Однажды в порыве благосклонности он решил вызвать Крутова на откровенный разговор.
— Слушай, тебе пора подумать о вступлении в партию. Одну рекомендацию даст комсомольская организация, другую, так и быть, я. С командиром роты поговоришь, он, по-моему, к тебе всегда хорошо относился…
— Рано еще мне.
— Ну, я бы этого не сказал. Полгода назад было действительно рано, а теперь ты взял правильный курс. Назначим тебя замполитруком, а там и в училище…
— Вы же знаете, что я мечтаю стать художником. Мне бы поскорее отслужить, что положено, и в «гражданку». А замполитруку лишний год службы…
— Далась тебе эта «гражданка»! — с досадой воскликнул Кузенко. — Смотрю на тебя и не понимаю. Ты какой-то чудак, Крутов. Ну уволишься, станешь долбить и точить свои камни, а по выходным мазать коврики на базар. Ты же сам рассказывал, что даже такая знаменитость, как Федотов, жил впроголодь, умер в сумасшедшем доме; Левитан чуть не до смерти не имел своего угла; Саврасов спился. Да мало ли таких? Ренин… Ну, так ведь Репиных да Суриковых единицы, по одному на всю Россию. Я, конечно, понимаю, искусство и все такое, да только это хорошо на словах. А когда появятся семья, дети, нужда, станешь биться, биться, и если не исхалтуришься, так сопьешься. Не ты первый, не ты последний. Я художников видел, знаю. Что ни художник, то и выпивоха. Нашего полкового — Лаптева возьми…
— Ну, ему еще далеко до того, чтобы зваться настоящим художником.
— Так кто вас разберет, настоящие вы или нет. Раз с красками, кистями возитесь, значит, художники.
— Как весь народ, так и художники, — пожал плечами Крутов. — Сейчас у всех жизнь трудная. При коммунизме, наверное, так не будет…
— Его еще строить надо. Конечно, построим социализм, перейдем к коммунизму, в этом нет никакого сомнения. Но ведь жизнь не стоит на месте, годы уйдут…
— Человек живет, годы уходят. Это закономерно. Однако и коммунизм кому-то надо строить, сам он с неба не свалится…
— Кто же говорит, что не надо, — надо. Так ведь ты не со стороны наблюдать будешь, а защищать Родину. Это поважней искусства. Сейчас не двадцатый год, техника растет, в армии грамотные люди нужны. Ты это должен понимать. Я ведь к тебе давно присматриваюсь: ты хоть и с норовом, а наш, советский человек и по духу и так… Голова на плечах есть, сразу бы продвинулся. В армии человек быстро растет, стоит только хотения набраться.
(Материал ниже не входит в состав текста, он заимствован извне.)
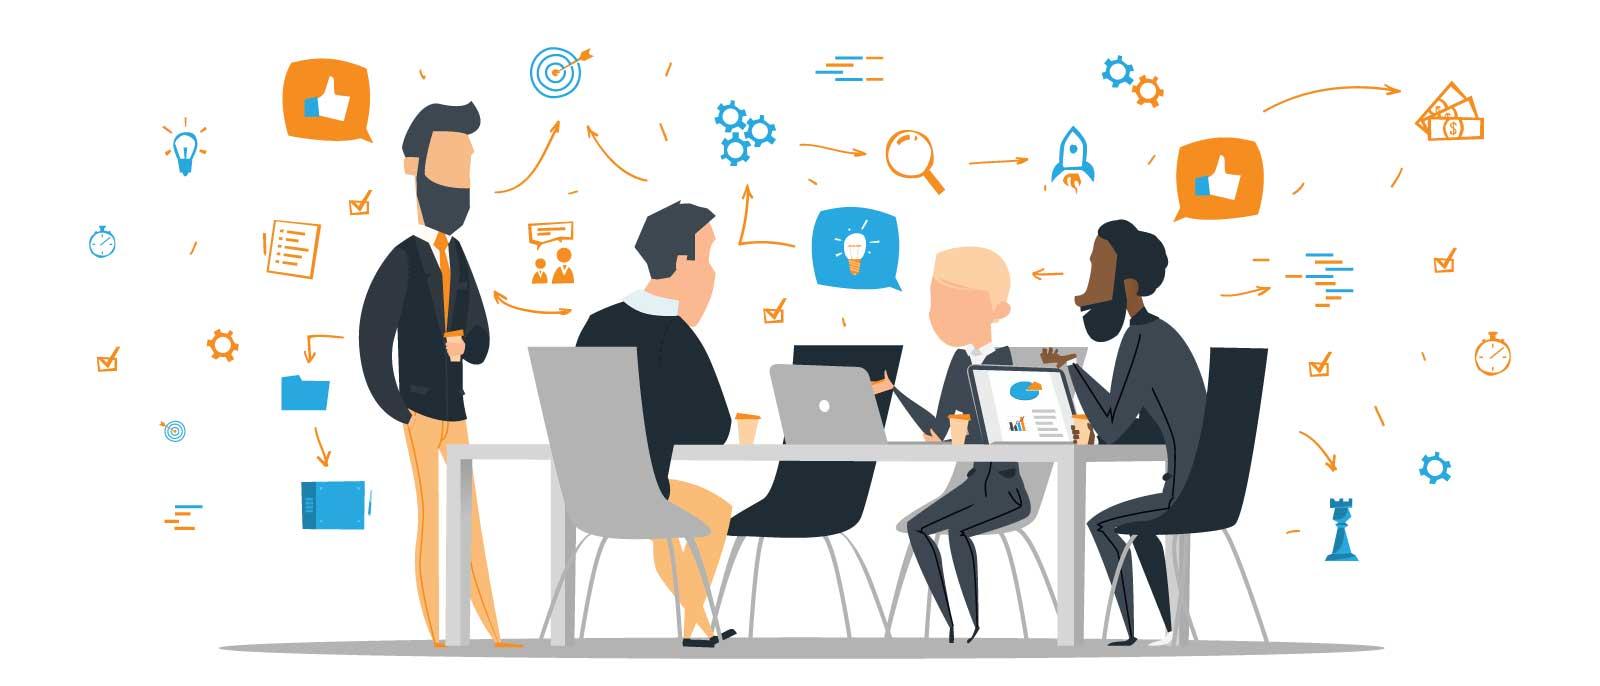 Mint-Media-Solutions-Digital-Marketing-Services-Internship-Program-Agency
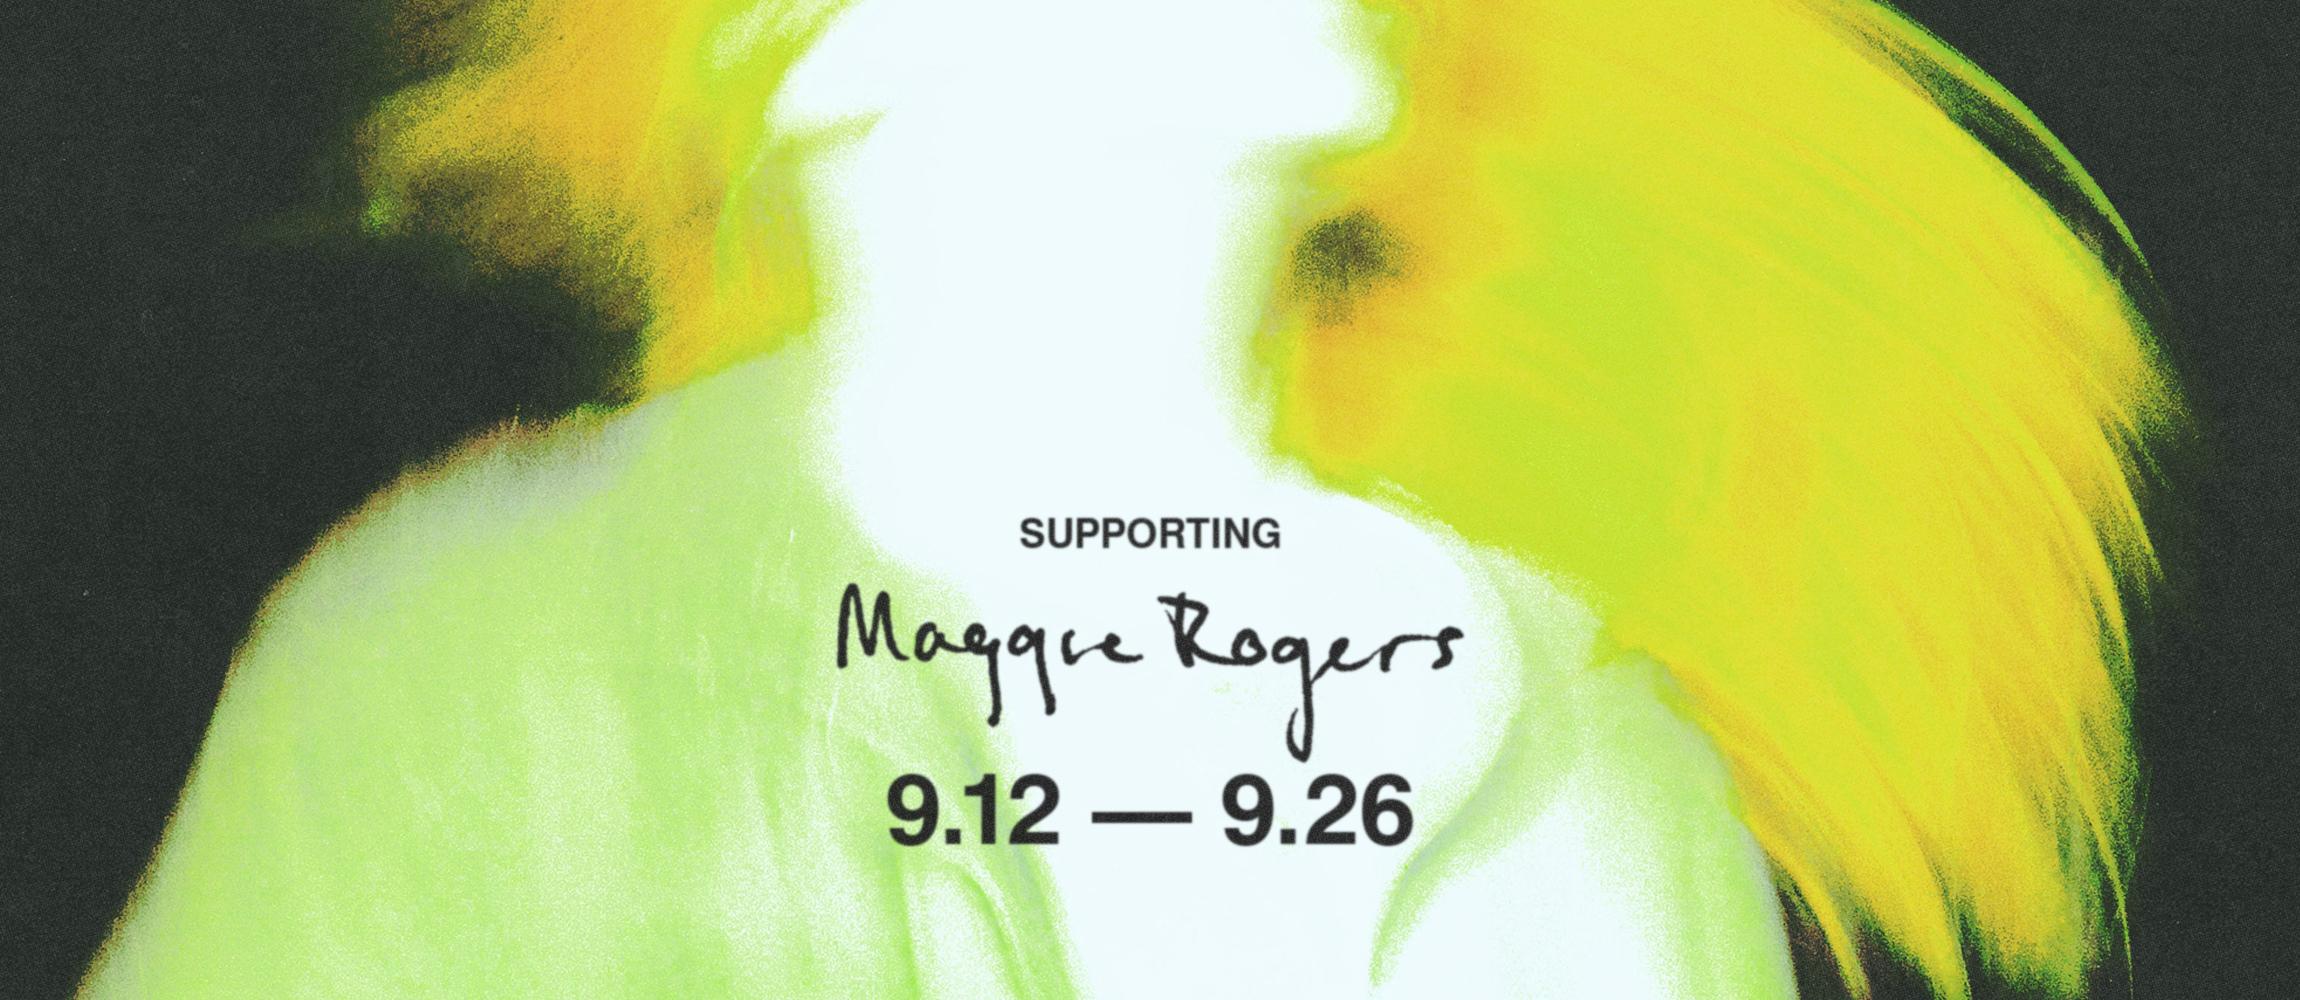 nn_site_maggie2019.jpg

Смотришь, лет через десять ты — комиссар полка, своя верховая лошадь, квартира, почет, уважение, никто тобой не командует… Я бы на твоем месте так с ходу не отказывался бы, а прежде подумал…
— Нет, армия не по мне! — твердо ответил Крутов. — Тут и думать не приходится. А в партию вступать рановато. Так я считаю.
— Ладно, мы еще к этому вопросу вернемся.
Политрук ушел, растревожив душу Крутова: «Может, и в самом деле поступить, как он советует? Ведь и Туров почти о том же говорил — готовиться надо, чтобы стать командиром. Газин тоже — искусство, искусство, а сам остался на сверхсрочную. Неспроста, наверное. Неужели я чего-то недопонимаю?»
Крутов решил переговорить с Газиным. Тот сидел в каптерке старшины один и что-то писал.
— Можно к вам, товарищ командир?
Газин взглянул на серьезное лицо Крутова и, догадываясь, что тот пришел по важному делу, накинул на дверь крючок.